P ( C ∣ F 1 , F 2 , . . . ) = P ( F 1 , F 2 , . . . ∣ C ) P ( C ) P ( F 1 , F 2 , . . . ) P(C|F1,F2,...)=\frac{P(F1,F2,...|C)P(C)}{P(F1,F2,...)} P(C∣F1,F2,...)=P(F1,F2,...)P(F1,F2,...∣C)P(C)
- computing method P ( F 1 ∣ C ) = N i / N P(F1|C)=N_i/N P(F1∣C)=Ni/N( In the training document to calculate )
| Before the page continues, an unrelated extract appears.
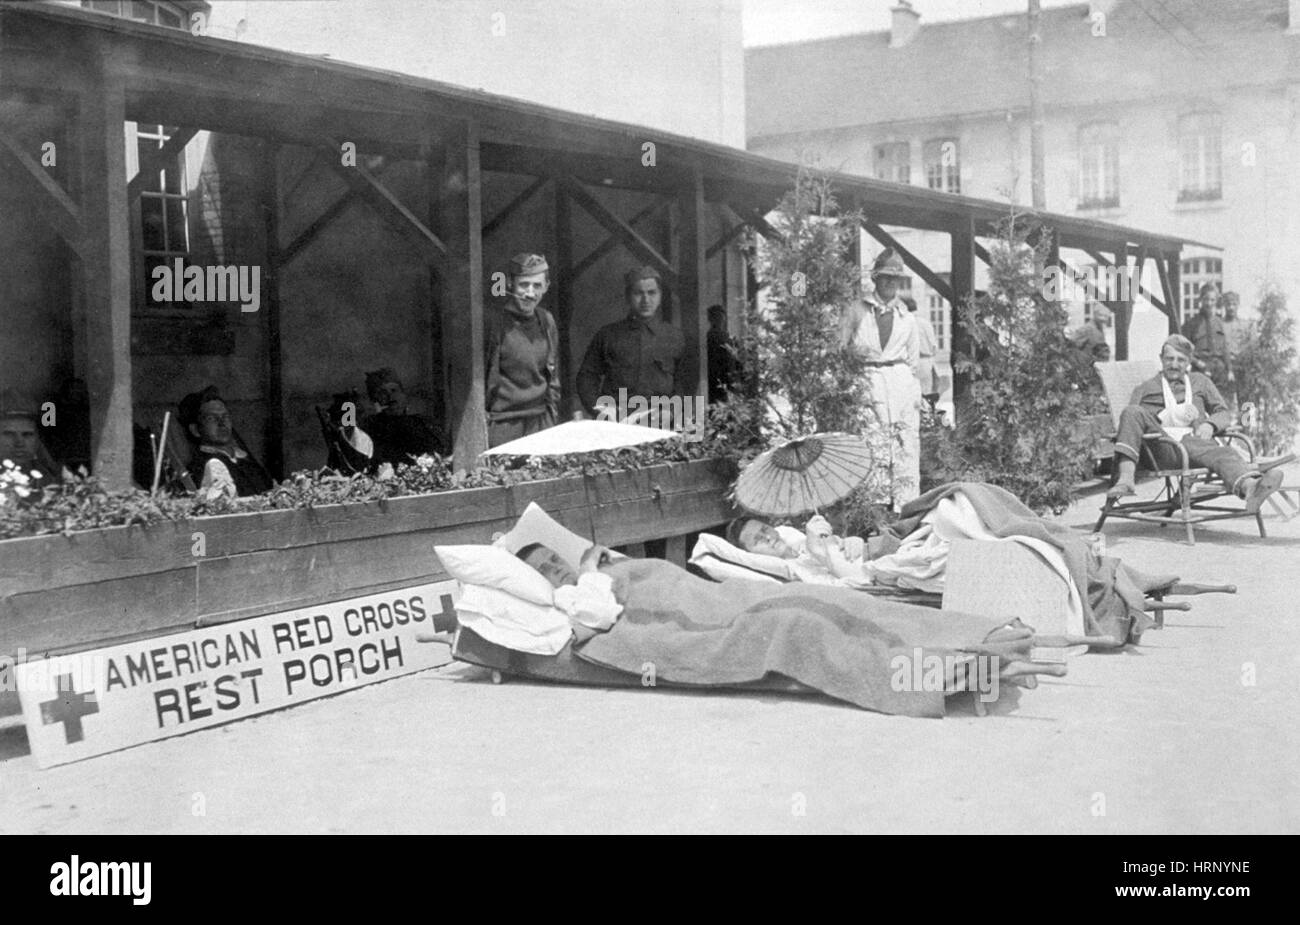 WWI, American Red Cross Rest Porch Stock Photo

- N i N_i Ni by F 1 F1 F1 Words in C C C The number of times a category appears in all documents
- N N N Is the category C C C The number of times all words appear and
- Laplace smoothing coefficient
If the word frequency list There are many occurrences of 0, It is likely that the calculation results are zero
P ( F 1 ∣ C ) = N i + α N + α ∗ m P(F1|C)=\frac{N_i+\alpha}{N+\alpha*m} P(F1∣C)=N+α∗mNi+α
Laplace smoothing coefficient α \alpha α It's usually 1, m It is the number of feature words in the training document
- Examples of text classification
- Load data set
news = fetch_20newsgroups(subset='all', data_home='data') #subset: 'train' perhaps 'test','all', Optional , Select the dataset to load ,fetch_* The file is large , So you need to download ,data_home Is the download path
print(news.target)
print(news.target_names)
result :
[10 3 17 ... 3 1 7]
['alt.atheism', 'comp.graphics', 'comp.os.ms-windows.misc', 'comp.sys.ibm.pc.hardware', 'comp.sys.mac.hardware', 'comp.windows.x', 'misc.forsale', 'rec.autos', 'rec.motorcycles', 'rec.sport.baseball', 'rec.sport.hockey', 'sci.crypt', 'sci.electronics', 'sci.med', 'sci.space', 'soc.religion.christian', 'talk.politics.guns', 'talk.politics.mideast', 'talk.politics.misc', 'talk.religion.misc']
b. Divide the training set and the test set , feature extraction
# Data segmentation
x_train, x_test, y_train, y_test = train_test_split(news.data, news.target, test_size=0.25, random_state=1)
# Feature extraction of data set
tf = TfidfVectorizer()
x_train = tf.fit_transform(x_train)
x_test = tf.transform(x_test)
c. Naive Bayes prediction
# The prediction of naive Bayesian algorithm ,alpha Is the Laplace smoothing coefficient , Numerator and denominator plus a coefficient , Add to the denominator alpha* Number of characteristic words
mlt = MultinomialNB(alpha=1.0)
mlt.fit(x_train, y_train)
y_predict = mlt.predict(x_test)
print(" The predicted article category is :", y_predict)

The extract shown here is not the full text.